きっと…こんな事を櫂翔に知られたら嫌われる。
今日、初めて会ったばかりの人だけど、櫂翔の事が気になっていた。
たぶん…一目惚れ…。
でも…私は…好きになったらダメ…。
こんな汚い…私なんて…嫌われる…。
そう考え、自分の気持ちに蓋をする。
ポケットから携帯を取りだし、櫂翔のアドレスを眺める…。
「……櫂翔……。」
呟いた時、ドアが叩かれた。
ビクッとして相手が声をかけるまで待った。
「おい李遠!開けろ。
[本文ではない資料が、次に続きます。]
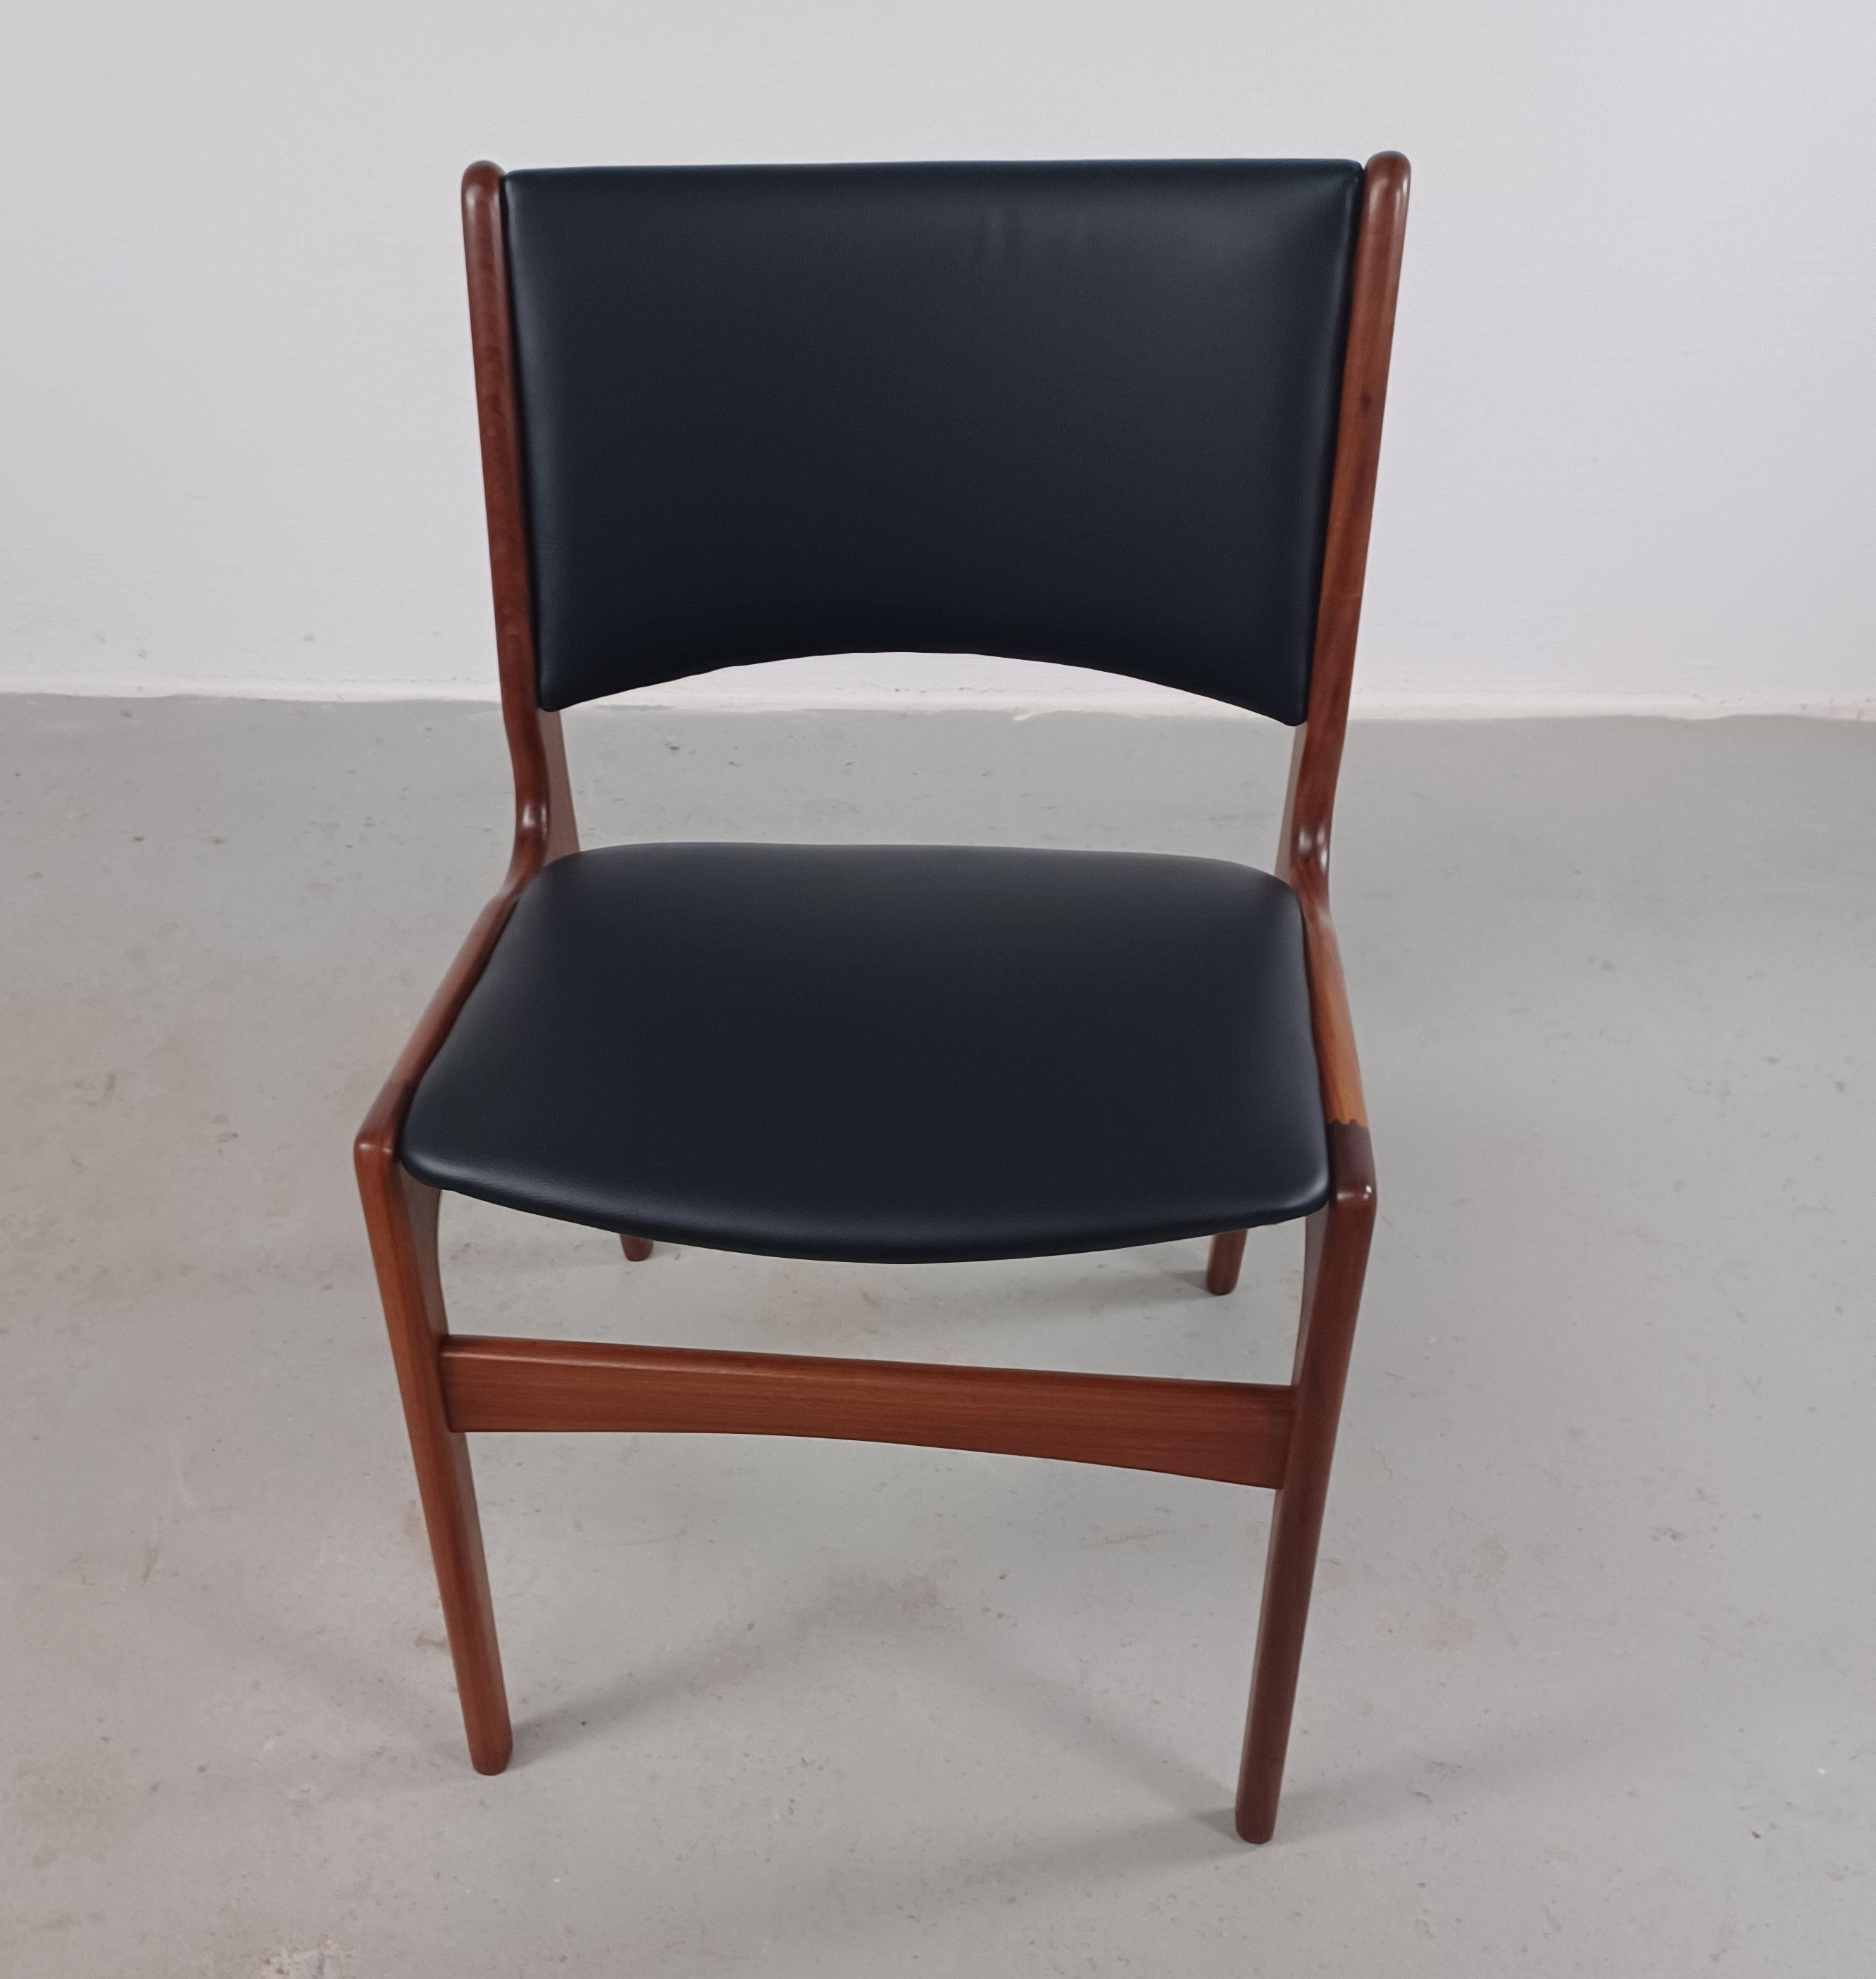 Ensemble de quatre chaises de salle à manger danoises Erik Buch entièrement restaurées, fabriquées par Anderstrup Møbelfabrik.

Comme toutes les chaises d'Erik Buchs, elles sont fabriquées en teck et ont un cadre en bois massif. Elles se

」
声の主は叔父さん達の子供で、私の従兄弟…涼だった。
その声を聞いた私は、無意識の内に身体が震えだし、自分の身体を抱き締めた。
返事をしないでいると、ドンドンと叩かれる。
「ちっ!李遠!!」
しばらくすると涼は諦めたのか、気配がなくなった。
まだ震える身体を抱き締めながら、今日は部屋から出ない事を決めた。
幸い部屋にはシャワーもトイレもある。
叔父さんは一応社長みたいで、家は豪邸だったから。
とりあえず、制服から着替えベッドに横になり、いつの間にか眠っていた。